# Home birth with severe SPD? ETA been called in to consultant for review :/



## tallybee

I have always known I want to birth at home, as I did with my other two. They were relatively short, uneventful labours. I am now 35+3 with LO no.3 and my body is failing. The MW diagnosed SPD early on this time and now I am at a stage where I am struggling no matter what I do, I need crutches to haul myself around even just to get round the house. I'm petrified that the severity of this will make me not able to get the birth I want. I have a MW appointment on Tuesday next week. She's been supportive so far for the HB but did mention earlier on that it could be difficult if my symptoms get too severe :( 

Has anyone had a successful home birth or natural intervention free birth with severe spd? Any experiences xx thanks xx


----------



## Smile181c

I was my best friend's birth partner back in May and she had awful SPD. Although her birth was in a hospital, there was nothing that she did/didn't do that wouldn't have been different had she been at home. She had g&a and no epidural. She had a water birth and she said the water actually helped because she was pretty much weightless. She got in positions I'd not seen her manage during her pregnancy! :haha:


----------



## iiTTCii

I was induced at 37 weeks due to SPD due to the severity but I can't see why you wouldn't be able to home birth. I did end up having forceps and they never measured the width I could open my legs etc before hand but I was in that much pain with the labour, the SPD pain wouldn't have touched it. Within days of having my daughter, my SPD had gone.


----------



## MindUtopia

Have you looked into trying to remedy the SPD? I had it pretty severely, so badly that I could barely walk by the time I was around 30 weeks. I saw an osteopath who specialises in pregnancy, who adjusted a misalignment in my pelvis and did some soft tissue work on the areas that were really tense and wonky (a chiropractor would work too if you already have someone you see). I also took up gentle swimming/floating in a pool 3 times a week, which really helped to loosen up some of the tight spots in my pelvis, where my body was compensating for all the ligaments stretching.
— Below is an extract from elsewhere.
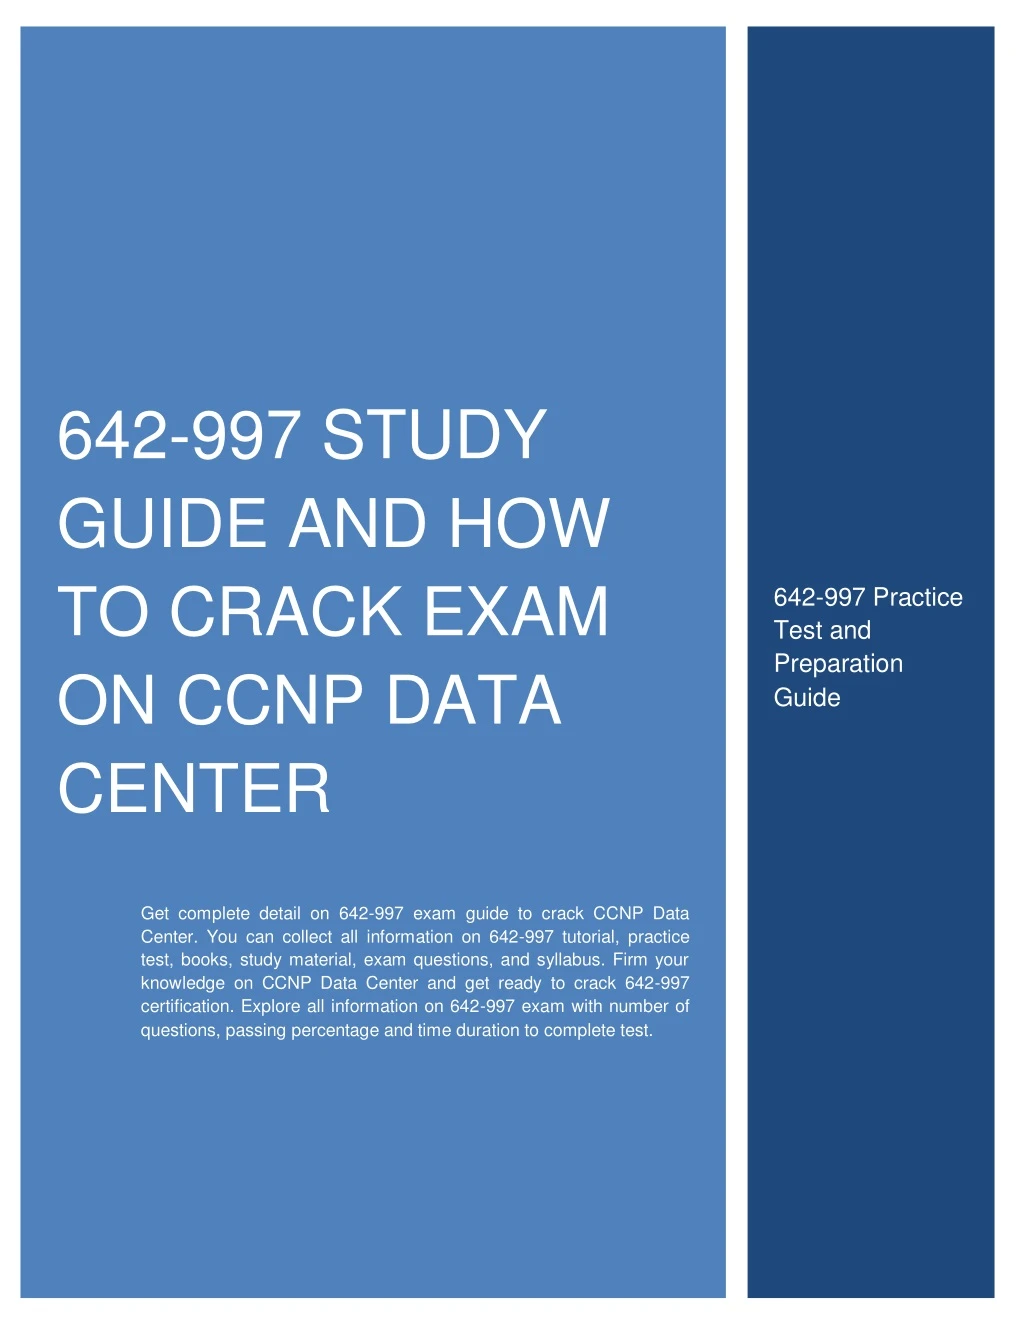 642 997 study guide and how to crack exam on ccnp
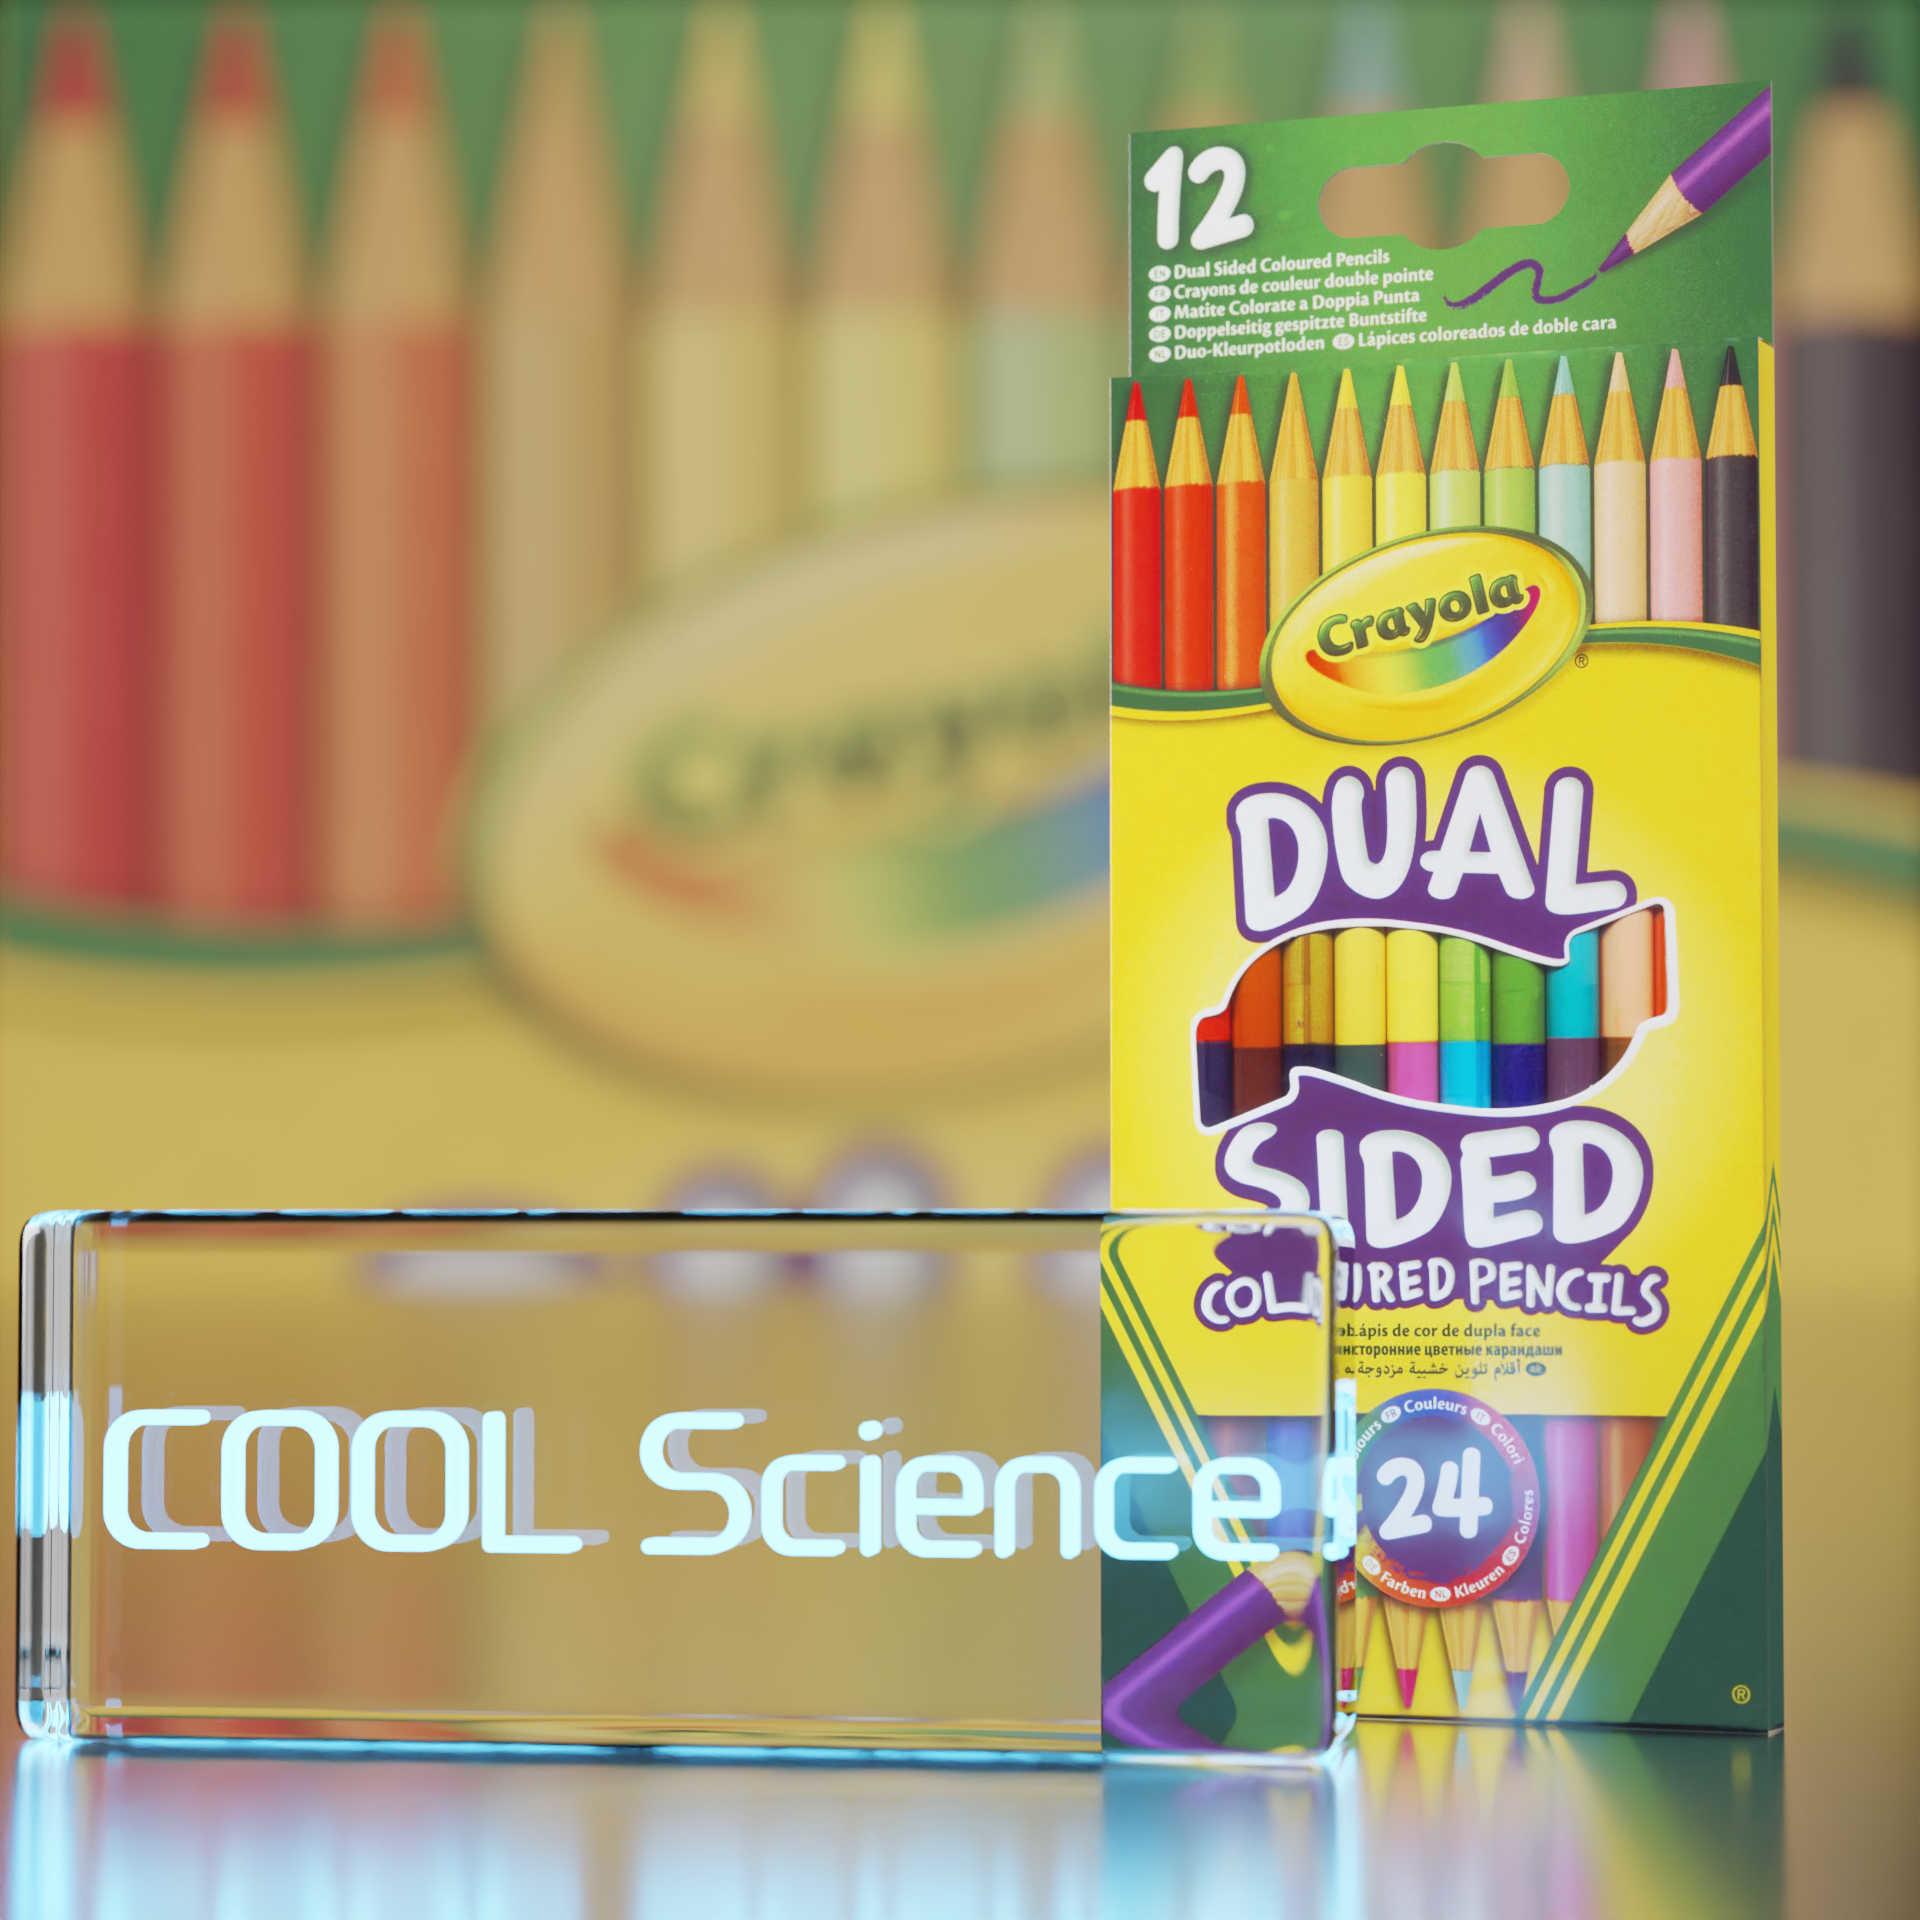 Front View of the Crayola 12 Dual Sided Coloured Pencils box

It helped a lot. I was barely walking at 30 weeks and fast forward 7 weeks, I was at the gym on the treadmill working out 12 hours before I went into labour. It made such a difference. I had a lovely home birth, but even when my SPD was really bad, no one even mentioned it would be an issue for my birth. The best thing you can do for SPD is to be upright while you're birthing rather than on your back with your legs spread, and that's much more likely in a non-hospital setting where you have lots of options for comfortable places to lean or kneel against. I think sometimes their only concern is getting you in and out of the pool if you plan to use a birth pool, because sometimes it's painful to lift your leg high enough to get over the side. But you might not find it causes you too much trouble and anyway, you don't have to use a pool if you don't want. I had my daughter kneeling over a chair on our bedroom floor.


----------



## tallybee

Thanks ladies xx


----------



## crownest

From what I've read and being told by doctors you are better off not having an epidural or lying on your back with your legs spread when you have SPD. You have more control over your body without an epidural and she told me it might stop you spreading you pelvis too much and you can get i better positions. A HB might work out bettter for you. Not sure if she was just trying to reassure me though I have hypermobility and have being told there is a decent chance an epidural would fail anyway.


----------



## tallybee

Yeah there's no way I would want an epidural. I will be insisting on home birth unless LO is in danger - I'm going to be sore regardless!


----------



## tallybee

OK I was at the MW on Tuesday and she had to call me to sort out the 38 week home visit, which she has just arranged - OK. She then dropped the bombshell on me that she's arranged a consultant appointment as well, saying that I need to be assessed for my mobility (SPD) issues as it might prevent my home birth. This is my worst nightmare. What would be available in hospital that would make it better anyway? Help..... I'm now really stressed and anxious, seeing the consultant tomorrow :(


----------



## cjl

Hi,

I know this thread is a bit old but I just wanted to offer some hope to anyone who does have a look. I am currently pregnant with #2 due in Jan. I have had severe SPD (PGP) with both my girls with symptoms starting almost as soon as I conceived and ending up on crutches before reaching 5 months! 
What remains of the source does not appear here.